После рельсовой фабрики были осмотрены кирпичные горны и молоты, пудлинговые печи, печи Мартена, или Мартына, как их окрестили рабочие; затем следовал целый ряд еще новых печей: сберегающая топливо регенеративная печь Сименса, сварочные, литейные, отражательные, калильные и т. д. Осмотрены были водяные турбины, которые приводили в движение воздуходувные меха, пять паровых машин, механический корпус, где работали вертикальные и горизонтальные токарные станки, строившийся паровой молот и даже склады чугуна в штыках и припасах, железо во всевозможных видах: широкополосное, брусковое, шинное, листовое и т. д. Но Лаптева ничто не могло расшевелить, и он совершенно равнодушно проходил мимо кипевшей на его глазах работы, создавшей ему миллионы. Только под доменной печью, где нарочно для него был сделан выпуск, он долго и внимательно следил за выплывавшей из отверстия печи огненной массой расплавленного чугуна, которая красными ручейками расходилась по чугунным и вырытым в песке формам, время от времени, когда на пути попадалось сырое место или какая-нибудь щепочка, вскидывая кверху сноп ослепительно ярких искр.
— Да, красиво… — проговорил он точно про себя, тыкая горячий шлак тросточкой. — Теперь, кажется, все? — обратился он к Платону Васильевичу, и когда тот ответил утвердительно, он точно обрадовался и даже пожал руку своему главному управляющему.
— Нет, еще не все, — отозвался Прейн. — Мы сейчас едем на Медный рудник и спустимся в шахту.

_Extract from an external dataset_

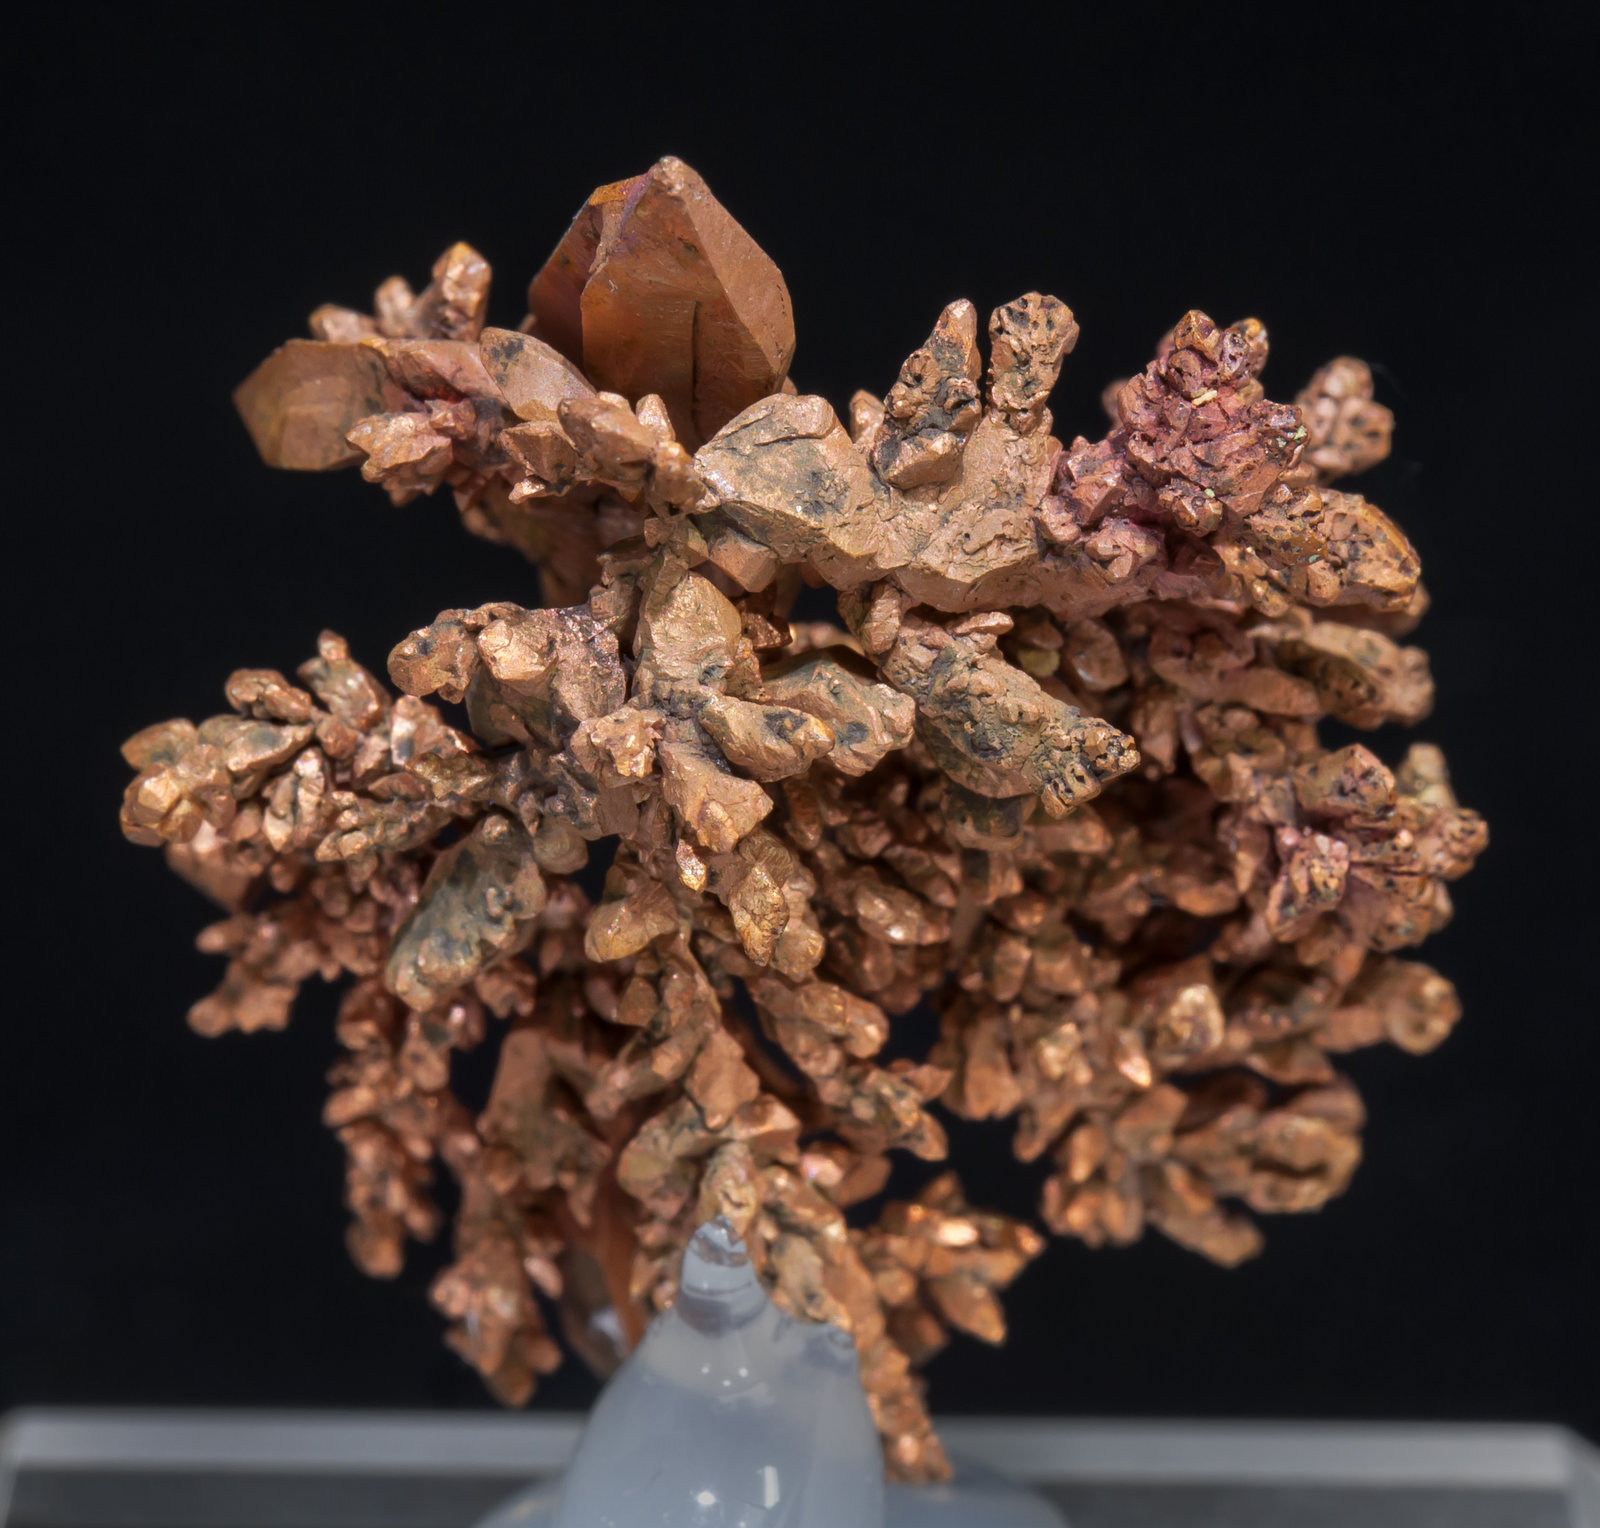 specimens/s_imagesAD1/Copper-TE48AD1r.jpg

Генерал был того же мнения, но Лаптев протестовал против такого решения и повернул к выходу, а за ним повернули и все остальные соглядатаи и приспешники. Они все время лезли из кожи, чтобы выказать свое внимание к русскому горному делу: таращили глаза на машины, ощупывали руками колеса, лазили с опасностью жизни везде, где только может пролезть человек, и даже нюхали ворвань, которой были смазаны машины. Генерал ничего не понимал в заводском деле и рассматривал все кругом молча, с тем удивлением, с каким смотрит неграмотный человек на развернутую книгу.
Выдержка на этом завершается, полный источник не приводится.